Dario Fo and the 'anti-gay pasta'

The Accidental Death of an Anarchist is no doubt one of my favorite plays and I often list Dario Fo as one of my favorite playwrights, but I haven't had occasion to think of Fo again until now. He is the author of an online petition that's going around at the moment. It's called 'Tell Barilla: where there is love, there is family'.

Barilla is the world's largest pasta-maker. Its main proprietor, Guido Barilla, stated in a radio interview last Wednesday that he would never use same-sex families in the company's advertisements. He said that although he fully supported gay marriage, he found the idea (fact?) of same-sex couples raising children "complicated". He said his company stood for the fundamental importance of family in Italian society - the traditional (or "sacred") family. He threw in, for good measure, an implied challenge to gay customers to take their business elsewhere.

Dario Fo writes in the petition that he starred in and wrote some of the first commercials produced by Barilla. He writes of the importance of the brand in the Italian public consciousness:

"It was in those commercials where [sic] we introduced the world to Barilla, and introduced products that have become a symbol of Italy and Italians everywhere. Barilla Pasta is synonymous with Italy, with home, and with family.

"Today our country is made up of many families, united by love. Love that is not able to discriminate, and which has no borders. That love is all over the world and it can come [sic] between a man and a woman, two women, or two men.

"A family is based on love, and your company’s statements want to represent families."

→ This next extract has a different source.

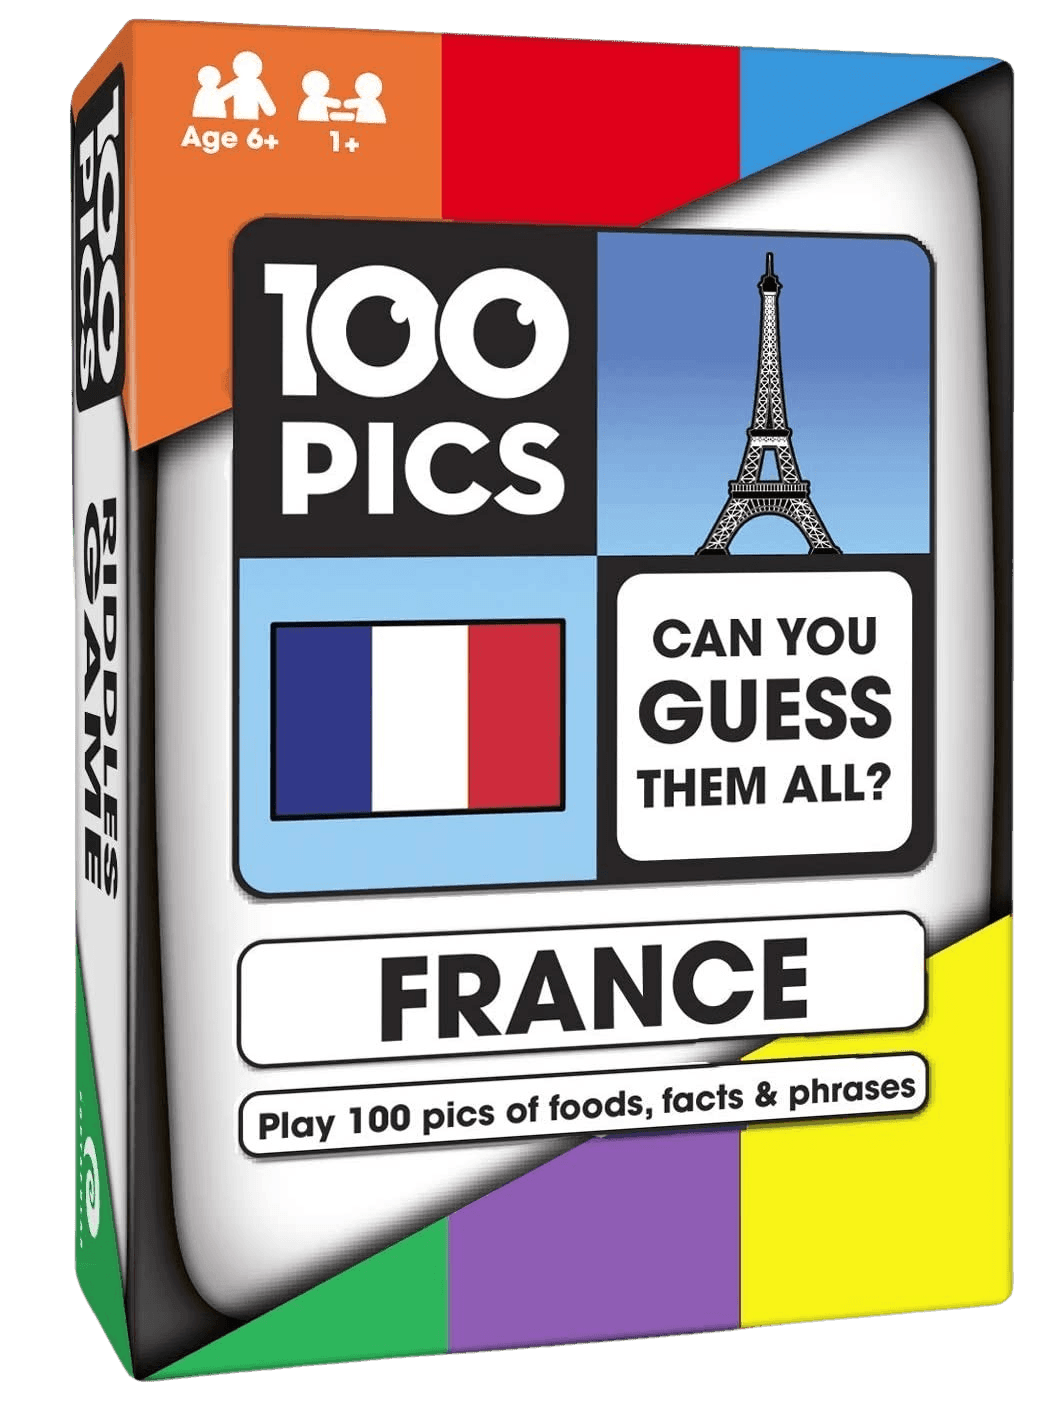 100 PICS - France - The Card Vault
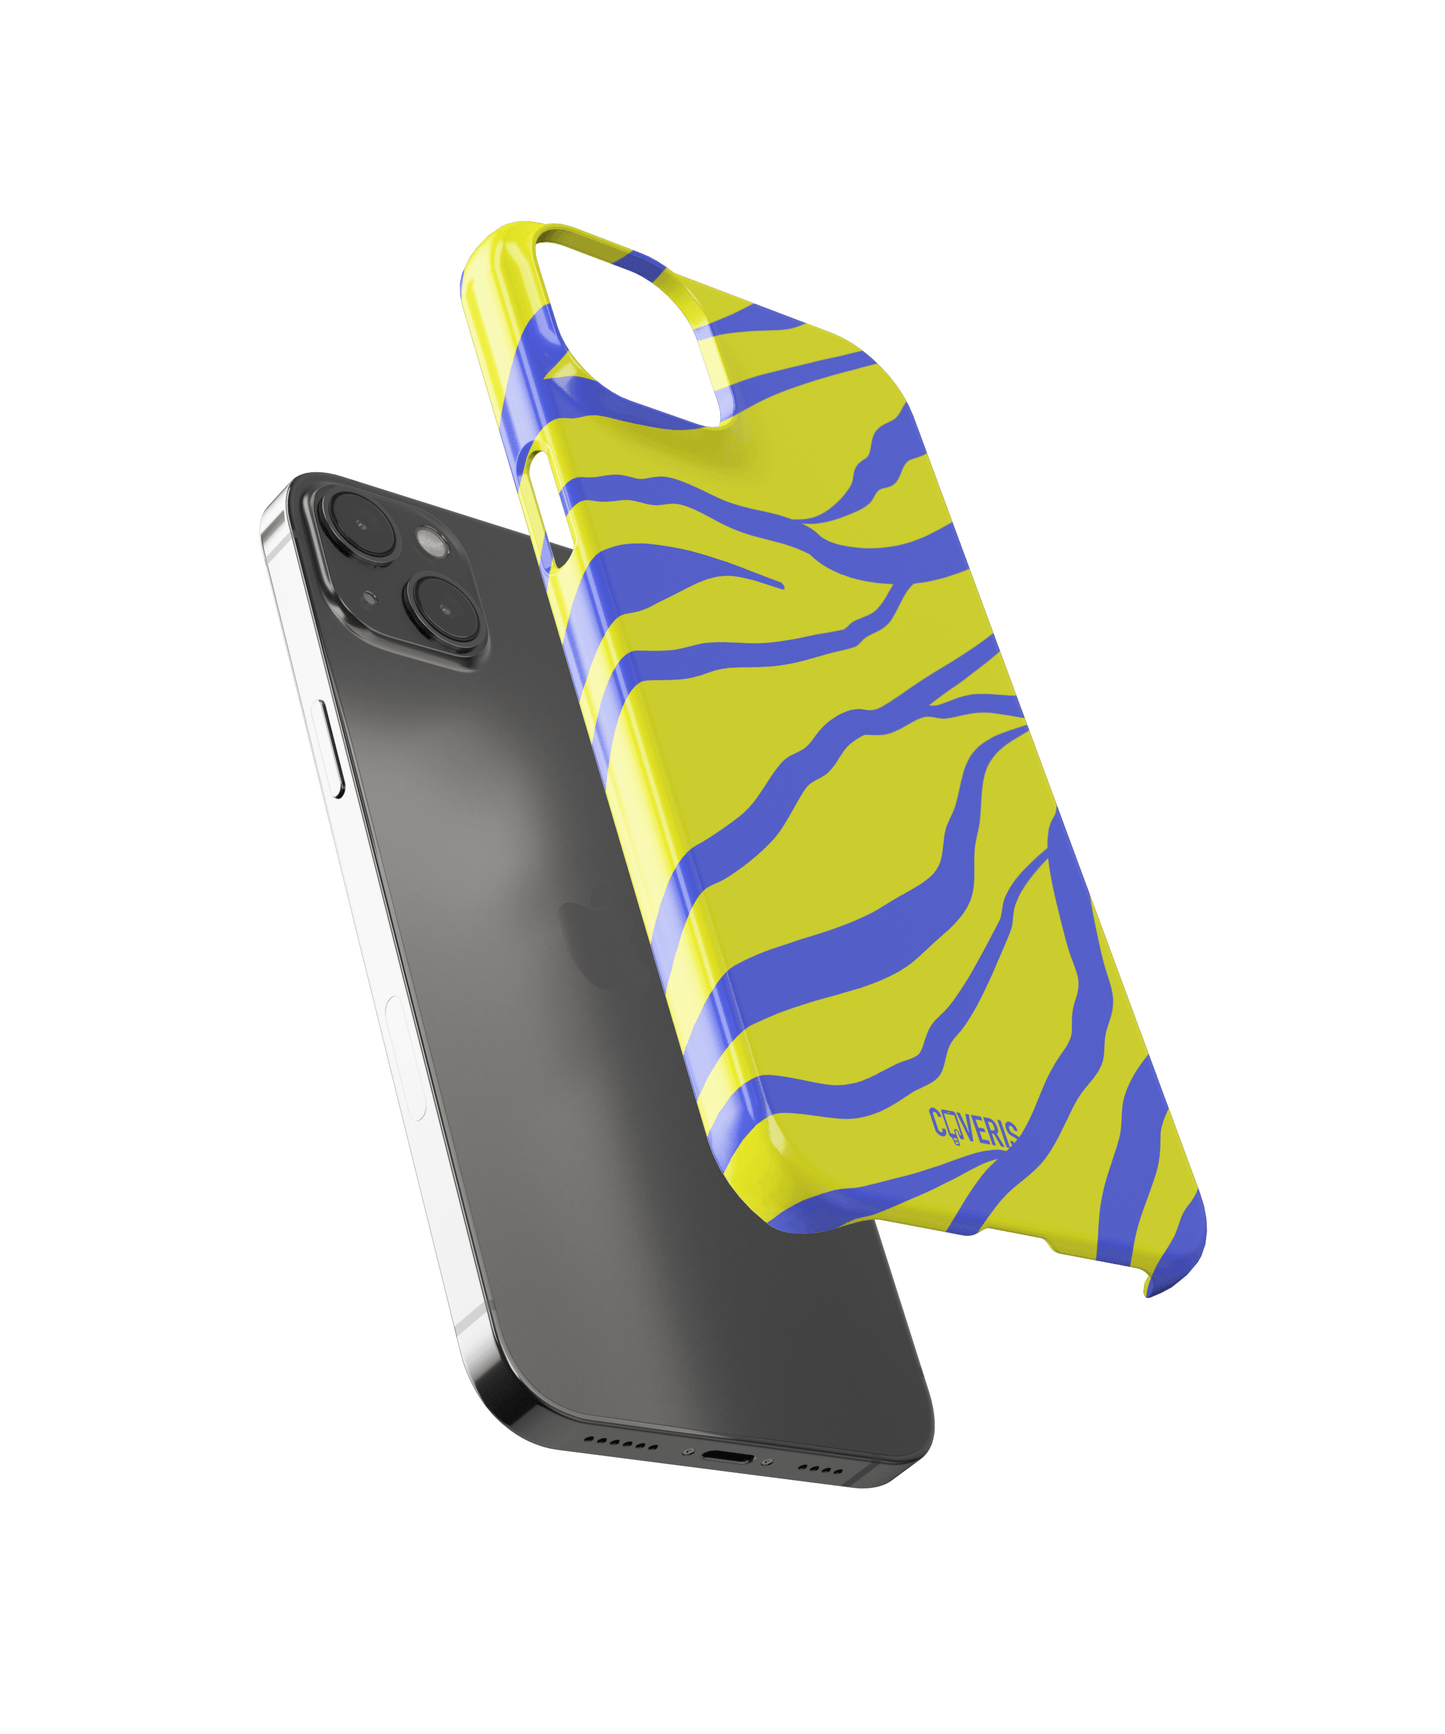 Neonique - Samsung Galaxy Note 8 phone case

Fo encourages Barilla to apologize and make amends for his statements, and to commit to an upcoming advertisement in which "the family can finally be represented in all its infinite and wonderful shapes".

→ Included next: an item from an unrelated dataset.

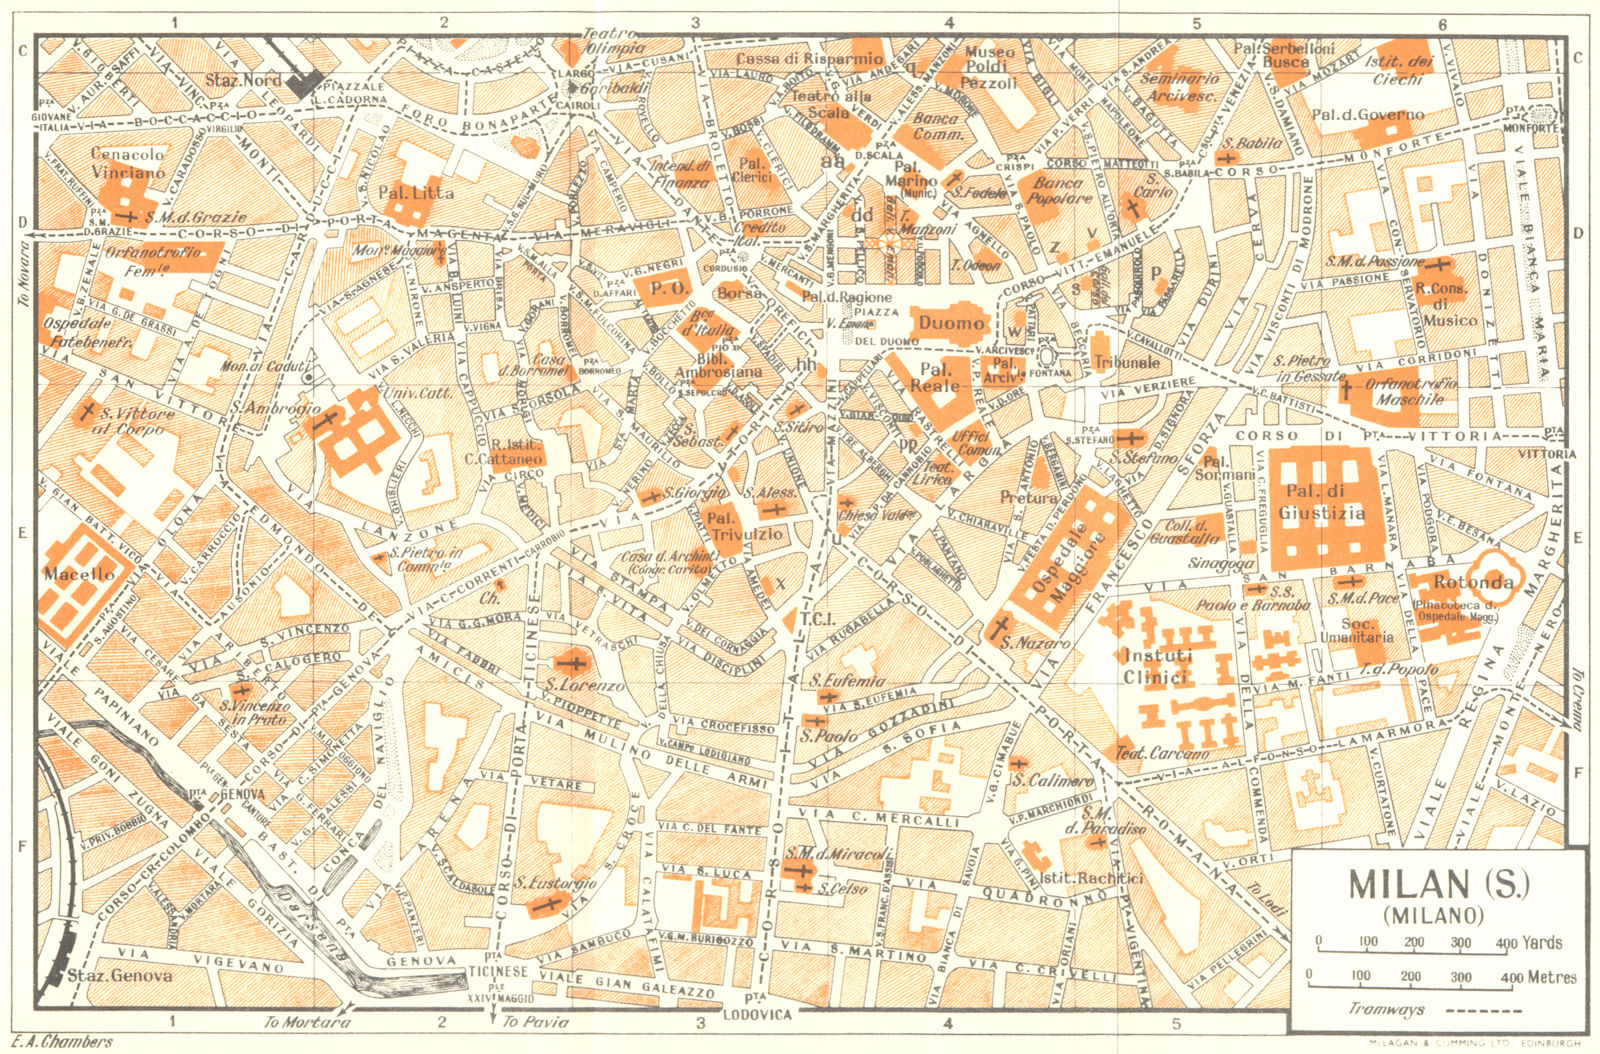 MILAN, S town/city plan. Milano. Italy 1953 old vintage map chart

The petition has been signed by some 57k people so far. As it happens, Barilla has apologized and clarified that he has "the utmost respect" for gay people and "for all loving marriages and families". 

In the meantime, Barilla's competitor Bertolli, quick on the uptake, has launched a couple of advertisements soliciting the gay euro: "Love and pasta for all!"

I hadn't heard or read about Fo in a long time but it's clear that he's been as creative and politically active as ever. A few years ago, he wrote and performed a play in which the character of Berlusconi is strapped to a chair and electrocuted, and the character of Putin is shot dead by Chechen rebels - Putin's brain is subsequently transplanted into Berlusconi's head. Fo ran for mayor in Milan in 2006. His platform was the chasing out of the "money-grabbing bastards who have run this city for decades". He is Berlusconi's 'sworn enemy' and has, therefore, suffered at the hands of state and commercial television in Italy. As is wont, he remains undeterred. 

It is good to see that Fo remains to this day the Fo of the 1950s. 

As for pasta, I never really check which brand I buy.